From Fast Loss Drop to Weird Tokens: Reading Character-Level LTSM Training Signals

In this experiment, a character-level language model is trained on Markdown text. The model shows a strong reduction in loss, but occasional nonsense tokens still appear in sampled output. This post explains what is going well, why glitches still happen, and what to improve next.

Training Snapshot

The following checkpoints summarize both optimization progress and text quality:

Iteration	Loss	Typical Output Quality
1	60.49	Mostly random characters
11	23.50	Repeated fragments, weak structure
21	5.76	Real words and Markdown-like tokens appear
31	1.40	Better phrase continuity
41	0.95	Clear Markdown formatting patterns
51	1.10	Small instability (temporary rebound)
61	0.44	Mostly coherent domain terms
71	0.27	Near-training-style content
81	0.25	Stable structure, minor artifacts
91	0.23	Mostly coherent with occasional nonsense

What the Curve Tells Us

The overall trend is healthy: loss decreases from about 60 to about 0.23, and generated text transitions from noise to structured Markdown-like output.

At the same time, three practical observations matter:

Minor optimization instability appears around iteration 51 (0.95 -> 1.10), which suggests the update step may be slightly aggressive for this stage.
The model is still improving at iteration 91, so it likely has not fully converged yet.
Memorization risk is visible because some sampled lines strongly resemble the training corpus.

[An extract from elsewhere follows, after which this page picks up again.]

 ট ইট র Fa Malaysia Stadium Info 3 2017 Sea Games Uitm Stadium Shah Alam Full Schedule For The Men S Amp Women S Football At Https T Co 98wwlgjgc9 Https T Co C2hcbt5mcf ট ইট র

Why Nonsense Still Appears at Low Loss

At iteration 91, output includes strings like forkfnal and Compla. This is common in character-level generation and usually comes from a combination of decoding and context effects.

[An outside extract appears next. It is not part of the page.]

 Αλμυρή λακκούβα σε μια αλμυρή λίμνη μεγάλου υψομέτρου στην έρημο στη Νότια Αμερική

1) Cold-start hidden state during sampling

If sampling starts from a zero hidden state and a short prompt (for example only #), the model has almost no context and can drift in early steps.

model.init_hidden(batch_size=1)  # zero state

2) Greedy decoding error accumulation

Greedy decoding always selects the highest-probability next token:

pred_index = np.argmax(pred.data)

When several characters have similar probabilities, choosing the top one deterministically can start an incorrect branch. In autoregressive generation, one wrong character can snowball into several malformed words.

Better Sampling: Temperature + Probabilistic Choice

A robust fix is to sample from a probability distribution instead of using greedy argmax.

def softmax_sample(logits, temperature=0.8):
    logits = logits / temperature
    probs = np.exp(logits - np.max(logits))
    probs /= probs.sum()
    return np.random.choice(len(probs), p=probs)

np.random.choice(len(probs), p=probs) means:

Choose one index from [0, 1, ..., len(probs)-1]
The probability of selecting index i is exactly probs[i]

Example:

probs = [0.1, 0.6, 0.3]
index = np.random.choice(3, p=probs)

Here, index 0 is selected with 10%, 1 with 60%, and 2 with 30%.

Practical Improvements

Use these changes to stabilize training and improve generation quality:

# 1) Gradient clipping
for p in parameters:
    p.grad = np.clip(p.grad, -5, 5)

# 2) Lower learning rate
optimizer = SGD(..., alpha=0.005)

# 3) Train longer and/or add more data
iterations = 300

And for sampling quality:

Warm up hidden state with a longer prompt before free generation.
Use temperature sampling (for example temperature=0.8) instead of pure greedy decoding.

Conclusion

This training run is fundamentally successful: the model learns structure quickly and reaches low loss. The remaining nonsense fragments are not a contradiction; they are expected artifacts of character-level generation under limited context and greedy decoding.

In short: optimization is working, generation is improving, and the next gains will come from better decoding strategy, more stable updates, and broader training data.